Военный инженер Ермака. Дилогия
Шрифт:
— Да, я. Вроде того… — я развел руками.
От его улыбки мне стало спокойней. Да и лицо у человека умное, рассудительное.
— Я здешний иерей. Игнатий. Казаки прозвали меня Тихомолвом. Хотя обычно я говорю не так уж и тихо.
— Максим, — скромно ответил я.
— Вообще-то, мы знакомы, — снова улыбнулся Игнатий. — Пойдем со мной. Надо поговорить
Церковь в Сибире стояла неподалеку от стены острога, с внешней стороны. Все правильно — в острог входить имеют право
В церкви было очень чисто, пахло ладаном и еловыми лапами. Мы (я, Игнатий и казак-конвоир) заглянули в церковь, а затем прошли в келью. Меня поразило число книг в ней. Я узнал церковнославянские буквы.
— Видишь ли, — сказал Игнатий, глядя мне в глаза, — не очень понятно, что с тобой случилось. Да еще и шаман подлил масла в огонь. А он, хотя и язычник, замечает многое.
Я ответил не сразу.
— Моя душа не стала черной, — проговорил я. — Крови она не хочет. Не знаю, что произошло, но зла людям я не желаю. Я потерял память, но когда меня окружил свет, я многое узнал о мире и хочу применить эти знания во благо.
— Я человек грамотный, — спокойно сказал Игнатий. — Много читал. И много думал. Мир не так прост, как кажется. Может, то, что случилось есть промысел Божий. Но мне бы хотелось в этом убедиться. Увы, не один Бог действует на земле.
Он встал, зажег лампаду, подошёл к иконе и перекрестился. Потом остановился, будто задумавшись.
— Подойди, — сказал он, не поворачиваясь.
Я встал. Он достал из ящика небольшой крест, потемневший от времени, и ладанку.
— Протяни руку.
Я протянул. Он вложил в ладонь крест. Я ощутил его вес, гравировку.
— Что ты чувствуешь? — спросил он.
— Тяжёлый, — ответил я. — И… старый.
— Хорошо, — кивнул Игнатий. — А тебя, я смотрю, не трясёт. Ты не горишь, не мечешься. Душа твоя тиха. Видно, ты не одержим. Тот, в ком бесы, не смог бы держать этот крест в руках. Он очень старый.
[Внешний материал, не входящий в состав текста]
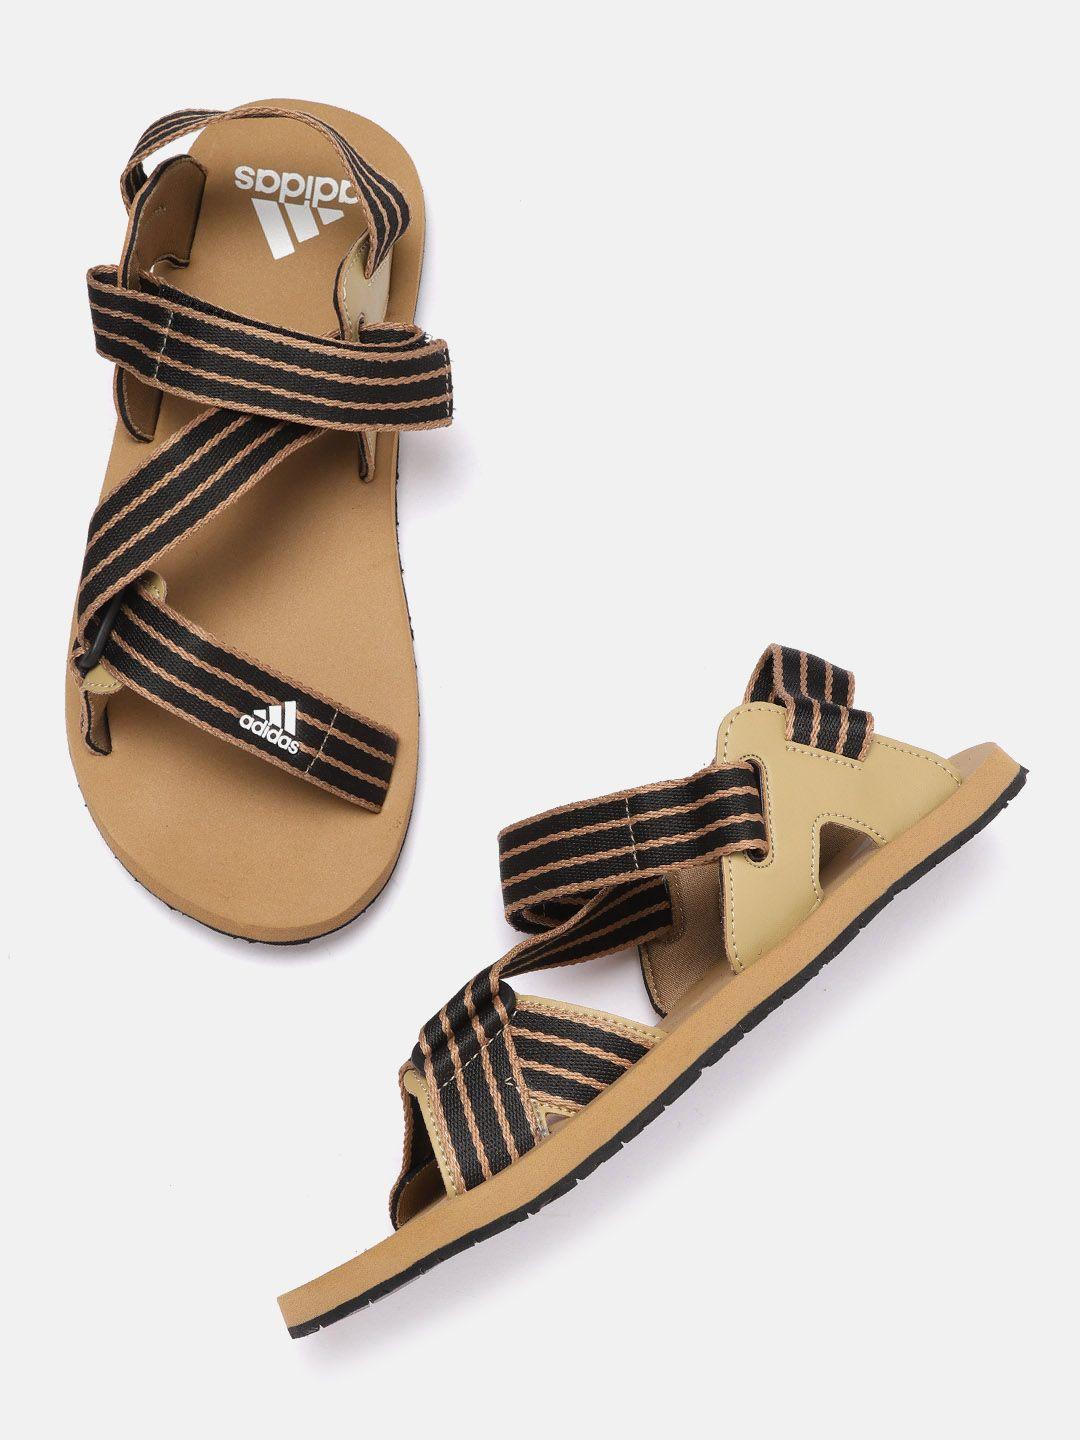 adidas-men-black-&-brown-striped-sports-sandals

Я почувствовал, как у меня гора с плеч упала. Все, похоже, остаюсь жить. Не сожгут на костре. Спасибо тебе, отец Игнатий! Я навеки твой должник.
Он перекрестил меня и прошептал молитву.
— Да сохранит тебя Господь в этом мире. Пусть разум твой будет на пользу людям, а сердце — не ожесточится.
— Спасибо, — поблагодарил его я.
— А что за знания тебе рассказал свет?
Я на секунду задумался.
— Много всего… Разные приспособления, даже оружие…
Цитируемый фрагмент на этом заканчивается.